→ **TASK BRIEF**: The whole listing, except its pictures, is to be repeated exactly.

→ **SUPPLIED MATERIAL**:
* * * * *

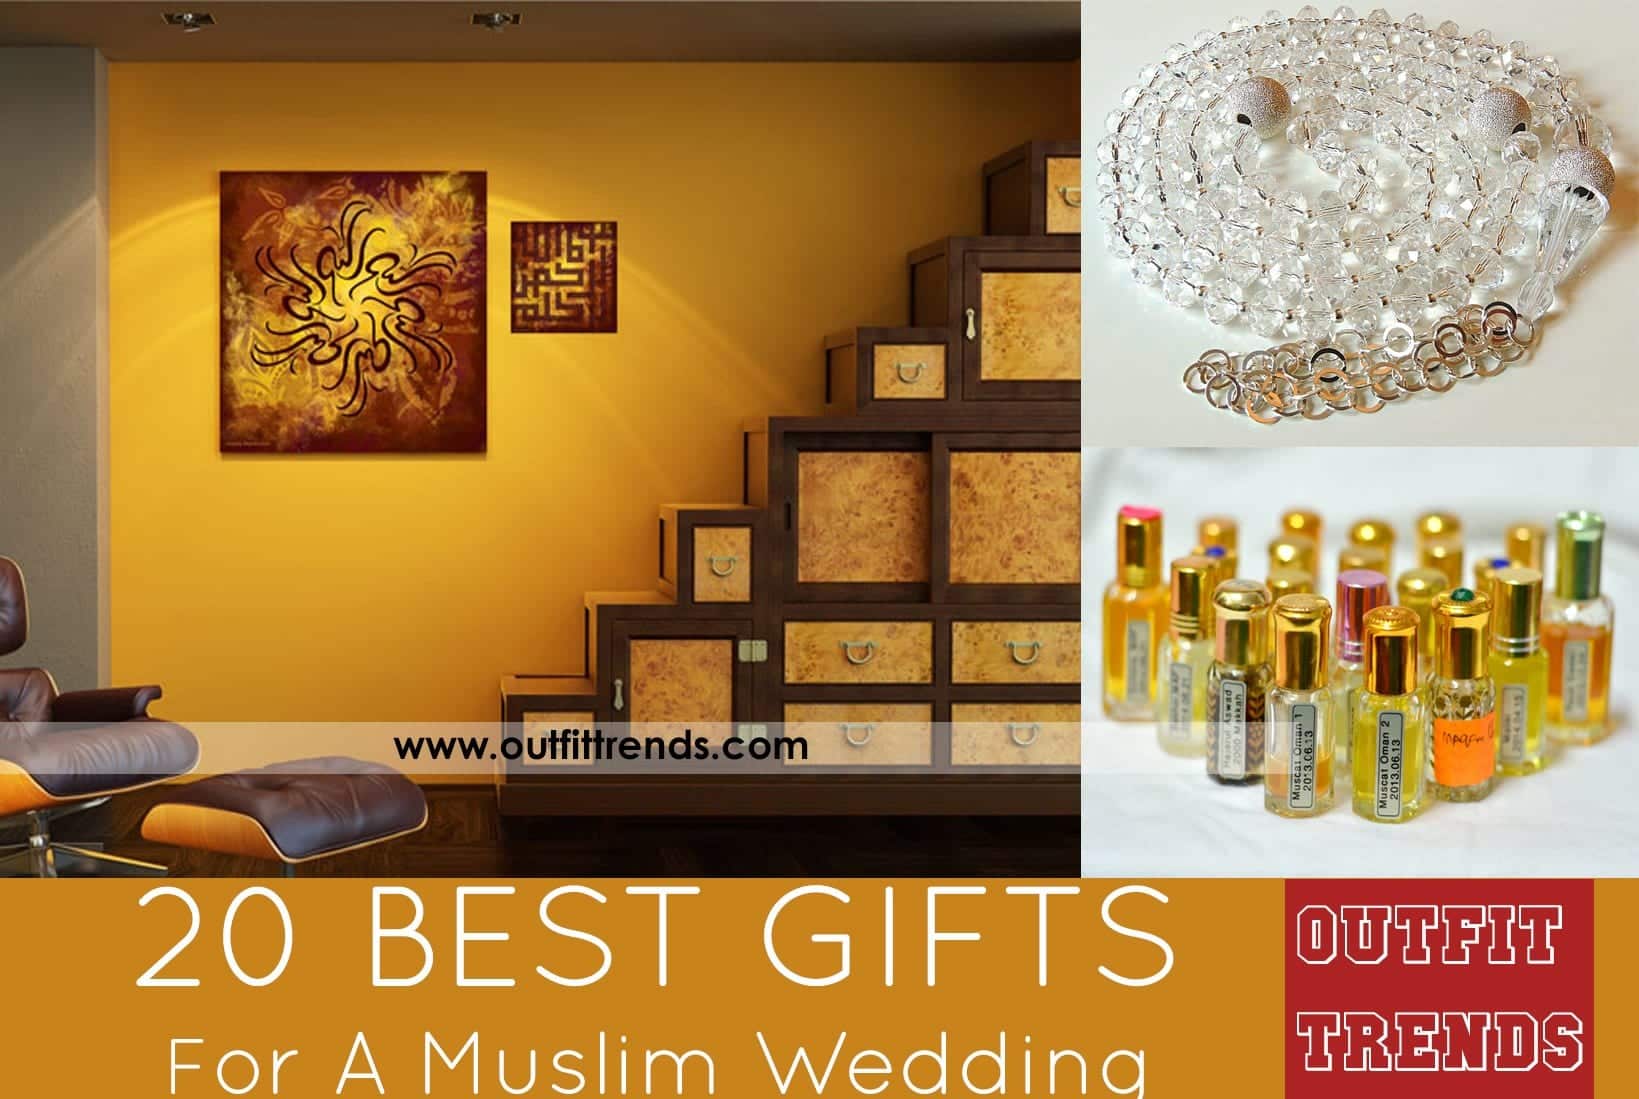 Muslim Wedding Gift Ideas-20 best Gifts for Islamic Weddings
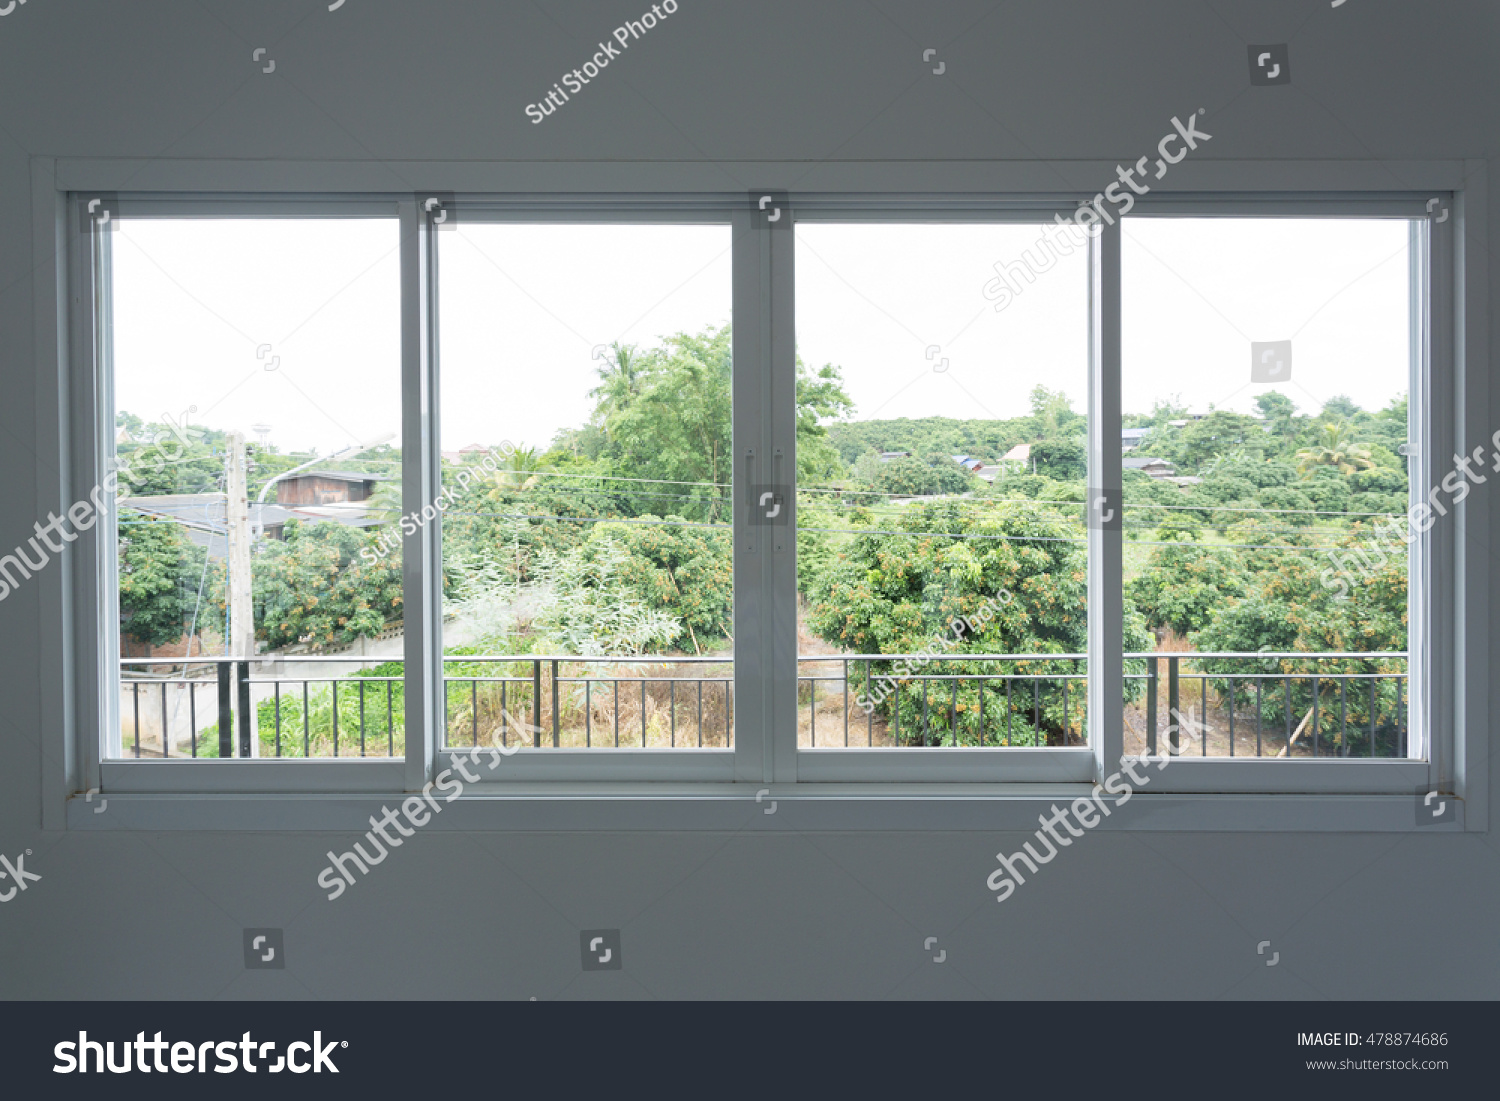 Glass Window Sliding On White Wall Stock Photo 478874686 - Shutterstock
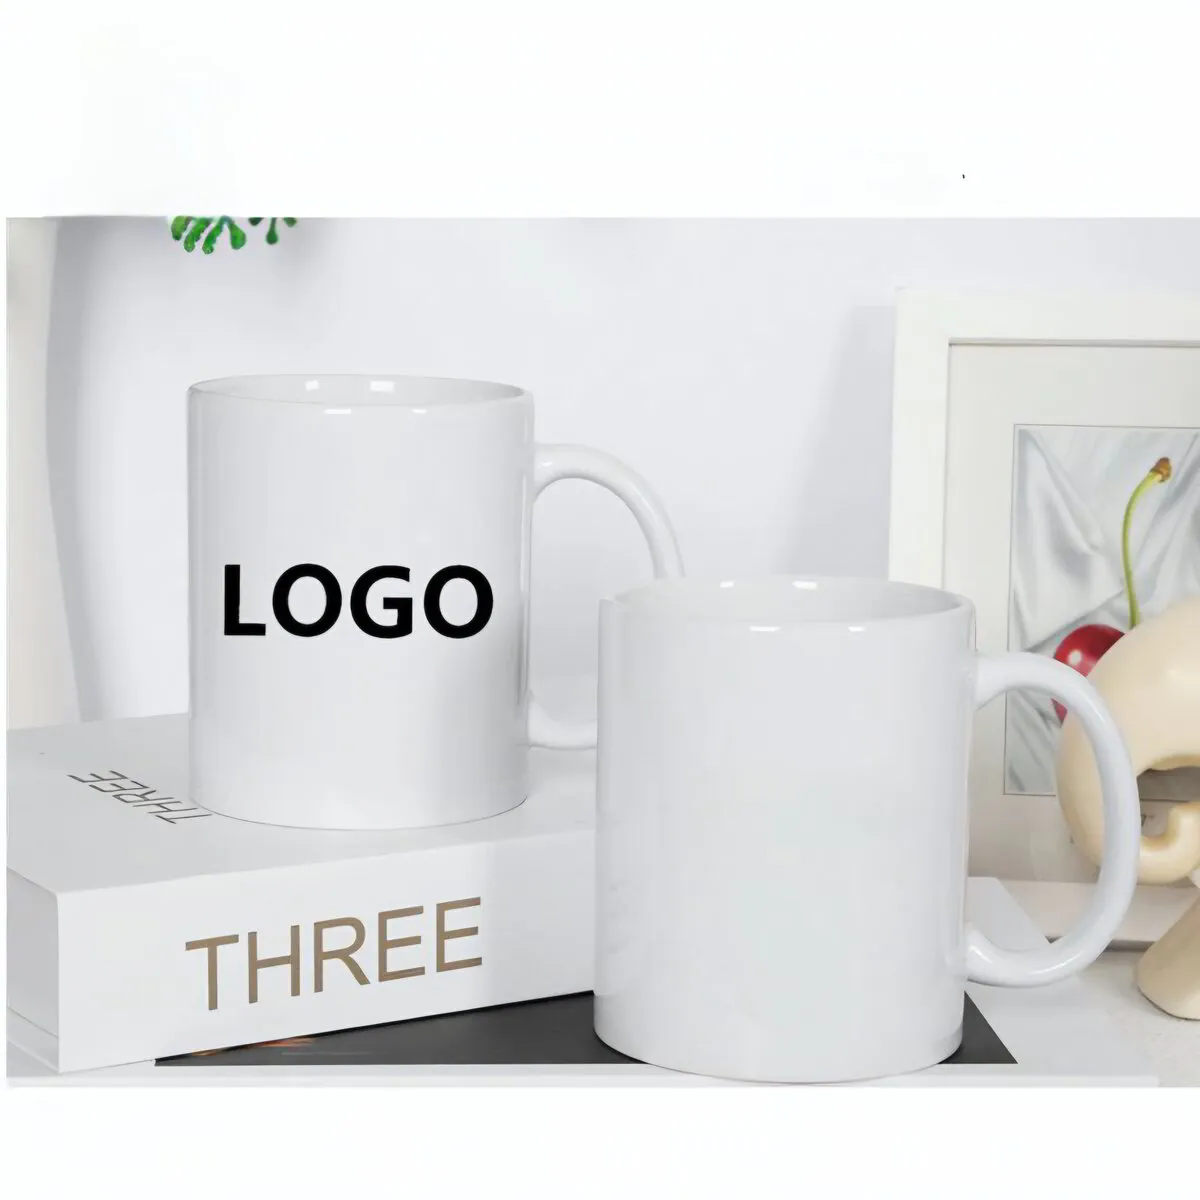  11oz White Ceramic Mug

* * * * *

→ **ANSWER TO THIS PROBLEM**:
 Muslim Wedding Gift Ideas-20 best Gifts for Islamic Weddings
 Glass Window Sliding On White Wall Stock Photo 478874686 - Shutterstock
  11oz White Ceramic Mug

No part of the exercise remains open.